*WORK ITEM:* Type out the lines below exactly, pictures excluded.

*THE DATA:*
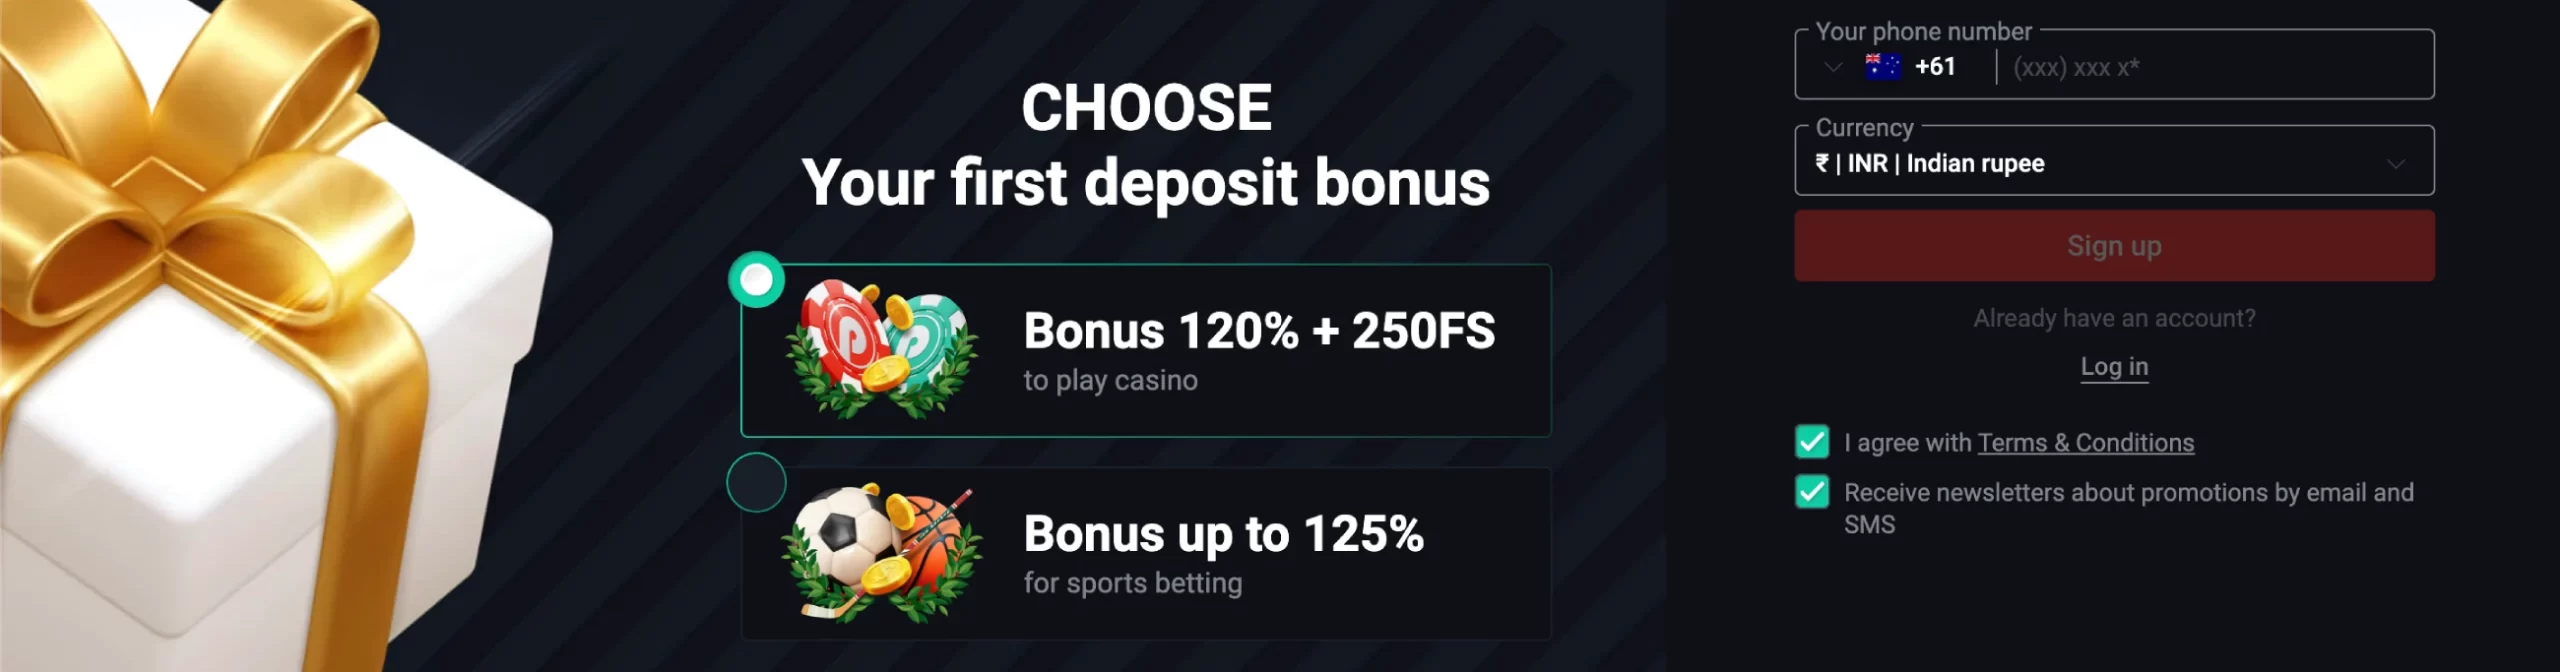 Pin-Up 120% Welcome Bonus
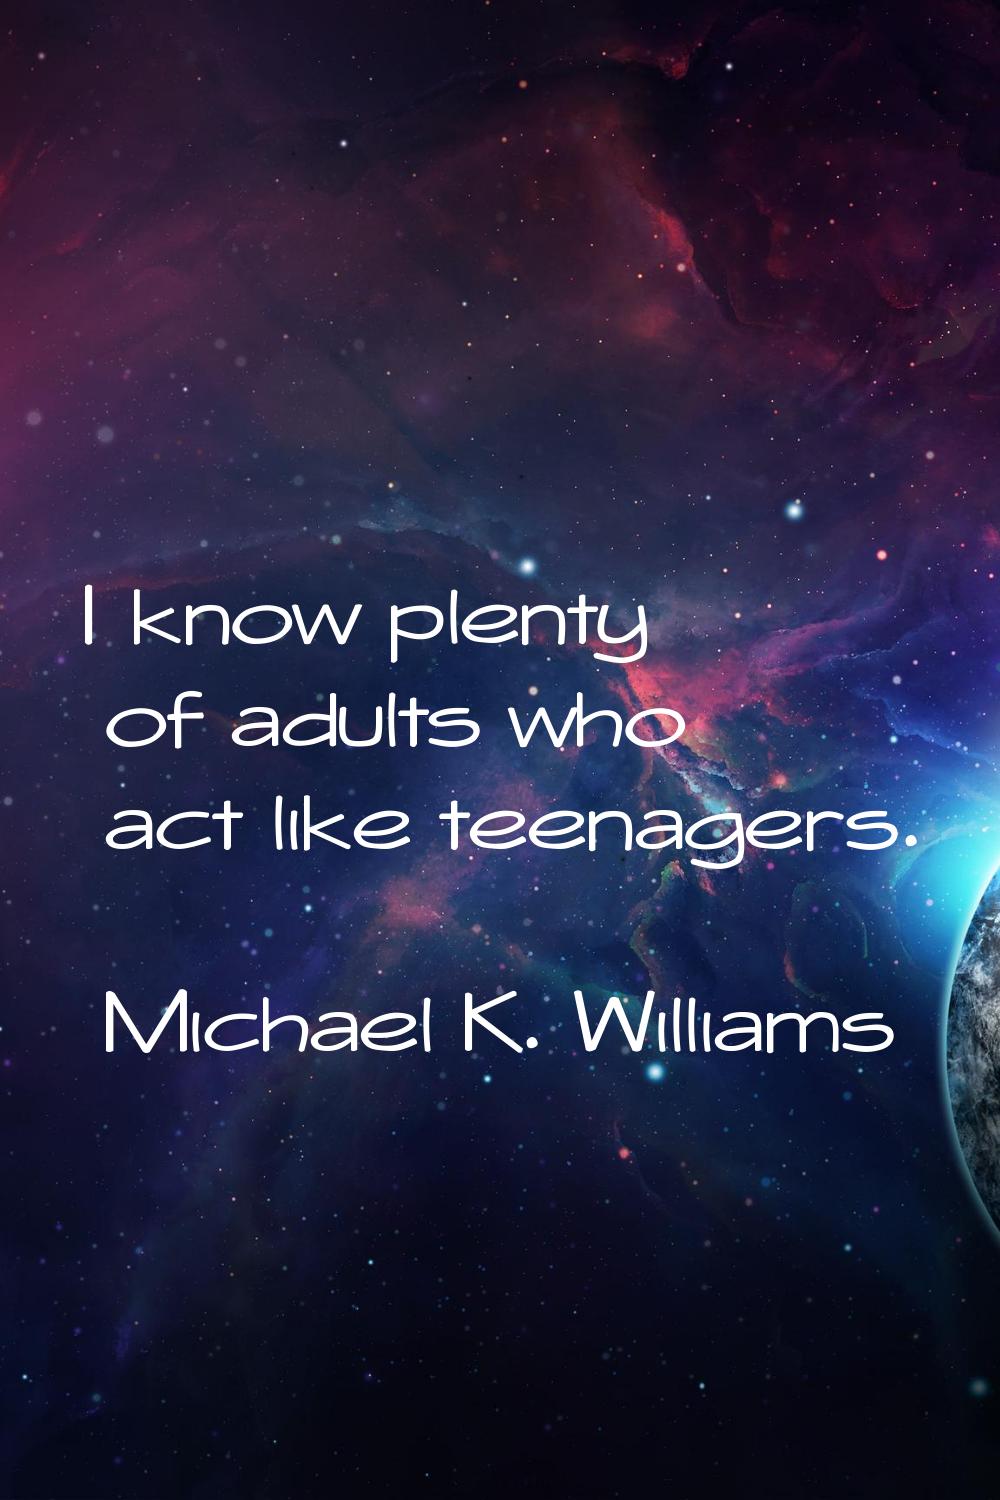 I know plenty of adults who act like teenagers.
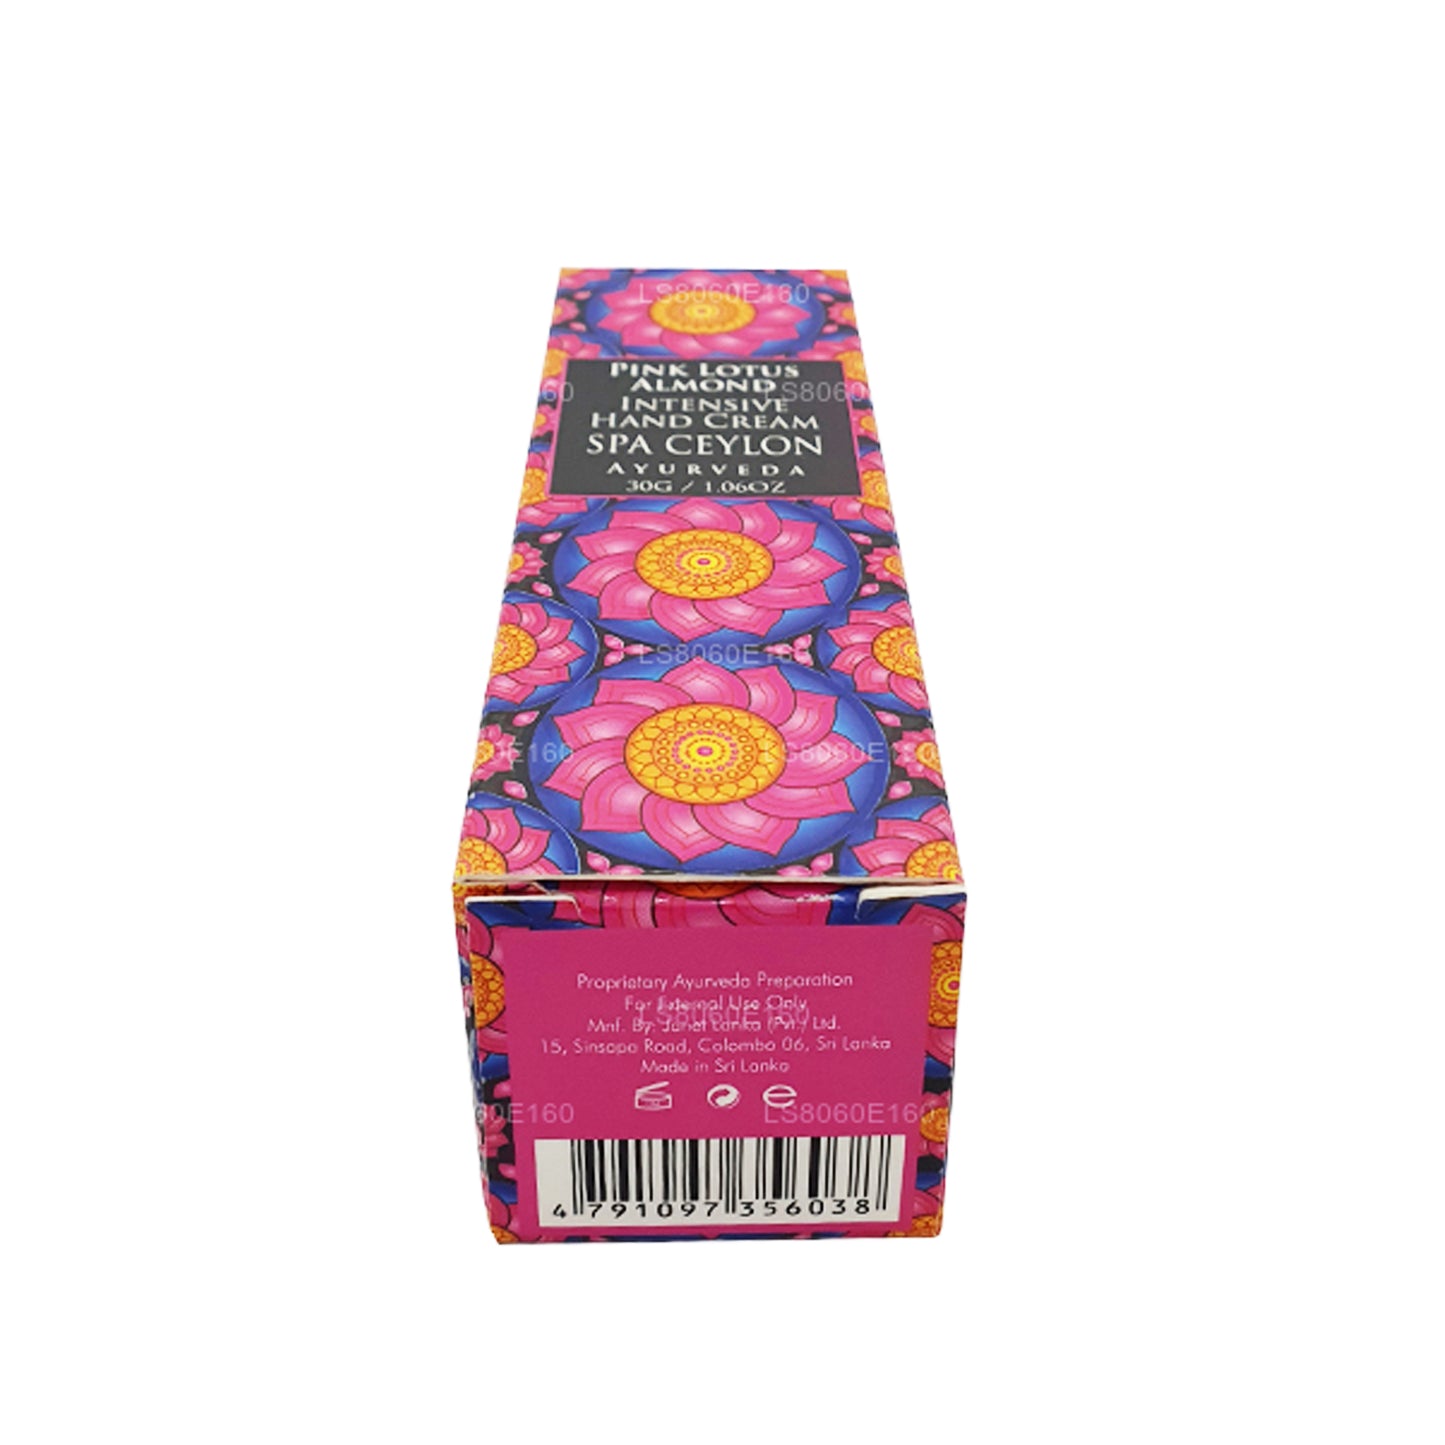 Crème intensive pour les mains Spa Ceylon Pink Lotus Almond (30 g)

*YOUR SOLUTION:*
 Pin-Up 120% Welcome Bonus
 I know plenty of adults who act like teenagers.
 Crème intensive pour les mains Spa Ceylon Pink Lotus Almond (30 g)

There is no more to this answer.